Incomes benefiting from these exemptions are of three types:
• Income from employment or income equivalent to employment;
• Income deriving from freelance activities;
• Business income.
The legislation establishes the following requirements to be able to benefit from tax breaks:
The tax incentive for “impatriate” workers also apply to all other workers who move their tax residence to Italy when the certain conditions are met. For self-employed workers it is necessary:
• Not having been resident in Italy in the 2 tax periods prior to the move and commit to stay for at least 2 years;
• Working mainly within the Italian territory.
Therefore, if you transfer your tax residence to Italy for the first time, and lend your work, or carry out your business mainly in Italy, you may benefit from the exemption as part of your income.
Depending on where the tax residence is transferred, the benefit for new residents varies.
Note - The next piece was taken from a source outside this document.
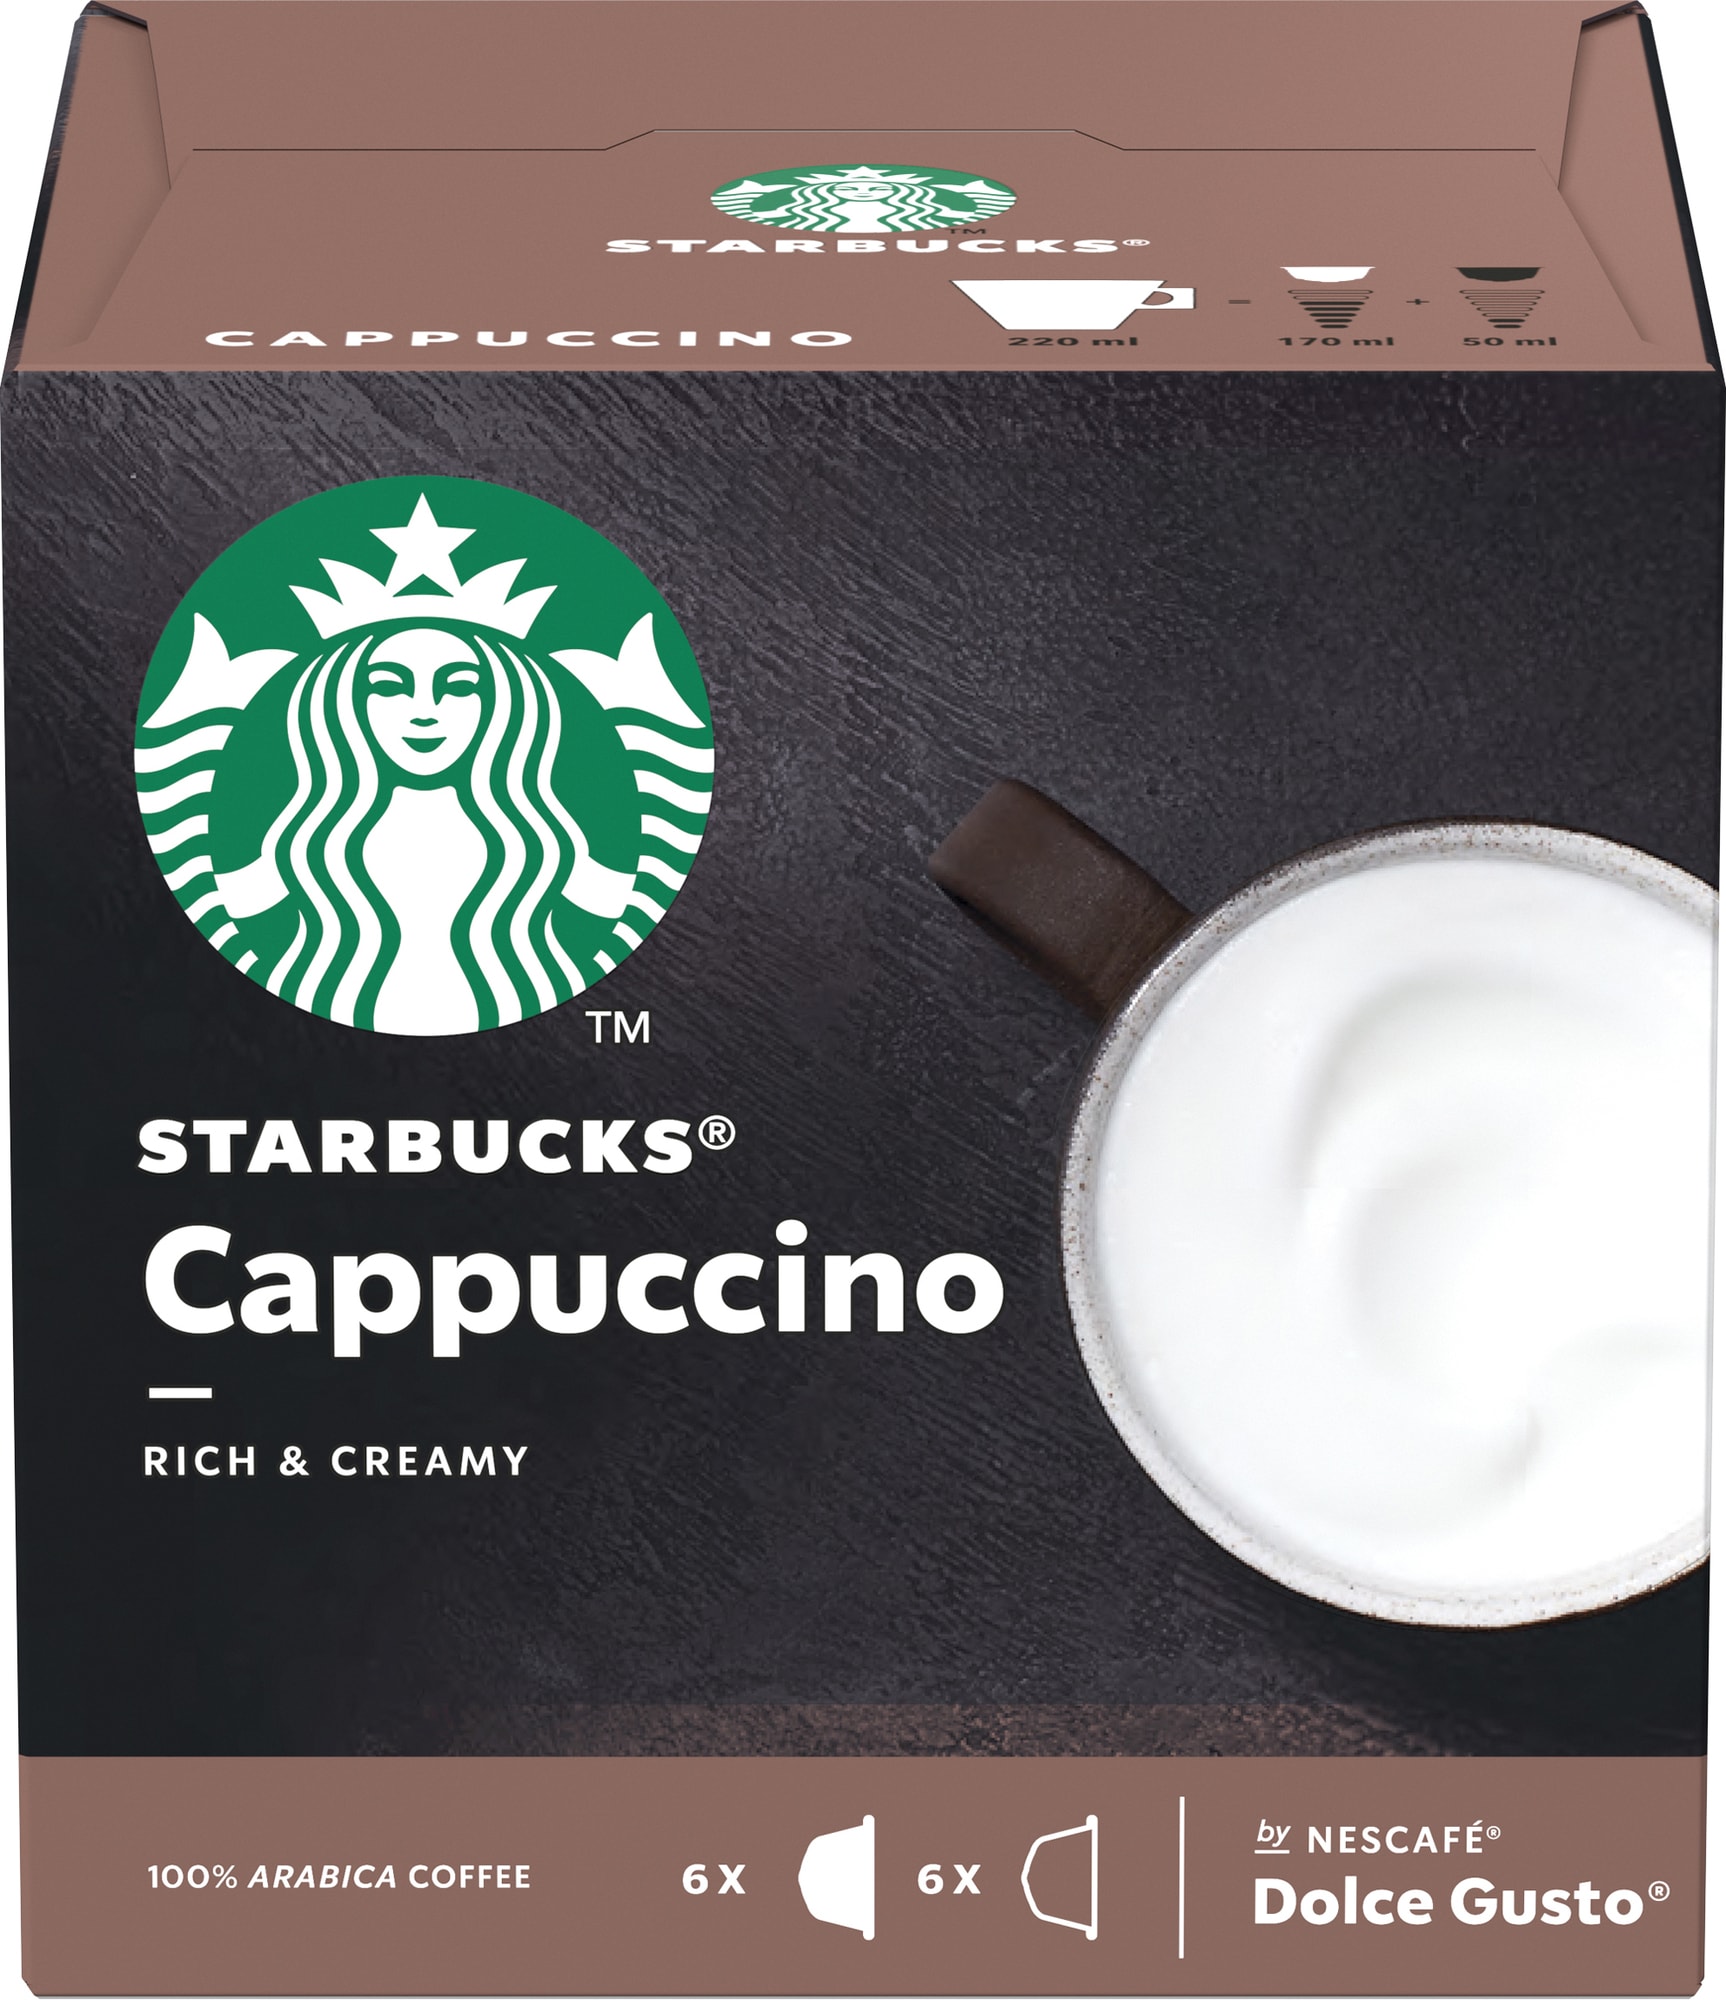 Starbucks Cappuccino kaffekapsler fra Nescafé Dolce Gusto thumbnail
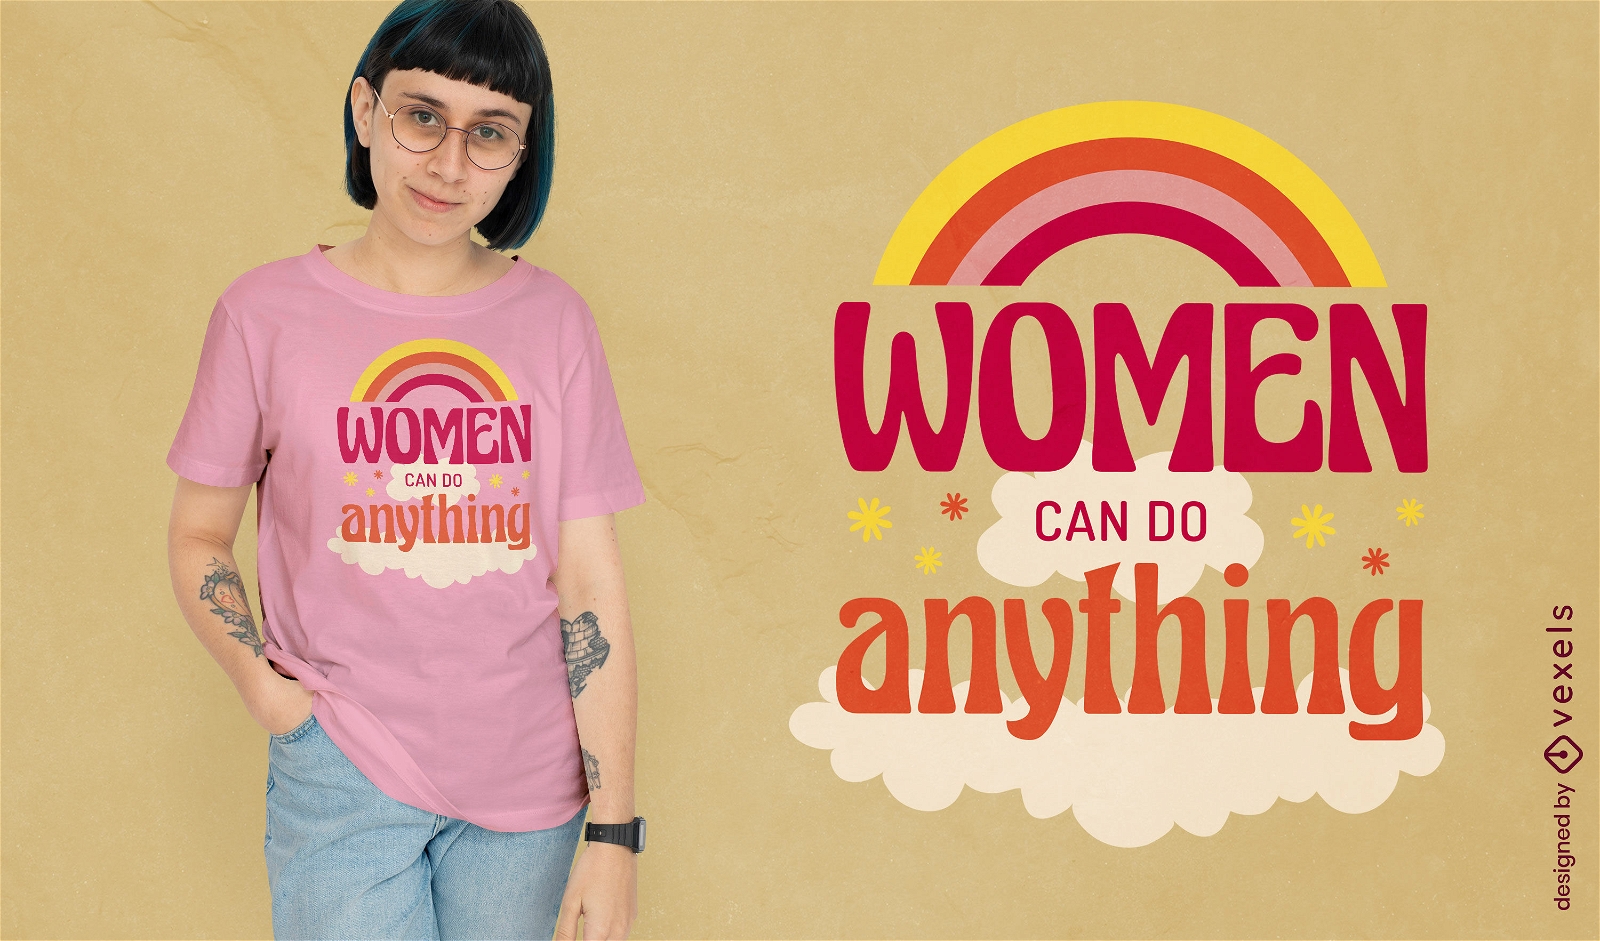 As mulheres podem fazer qualquer coisa design de camiseta com citação feminista

In particular:
• Exemption of 90% of income (therefore only 10% of income will be subject to taxation) for those who transfer their tax residence to the following Regions: Abruzzo, Molise, Campania, Puglia, Basilicata, Calabria, Sardinia, Sicily;
• Exemption of 70% of income (therefore only 30% of income will be subject to taxation) for those who transfer their tax residence to the remaining Regions of Italy.
The tax benefit has a duration of 5 years. After 5 years, ordinary taxation will be applied.
There are basically two possibilities to benefit from the exemptions:
• The first, in the event that you have income from employment, a communication can be made to your employer, where you certify that you meet the requirements. In this case, the exemption will be applied directly to the pay slip;
• The second instead provides that the benefit is obtained in the tax return, through the reimbursement prepared by the Revenue Agency.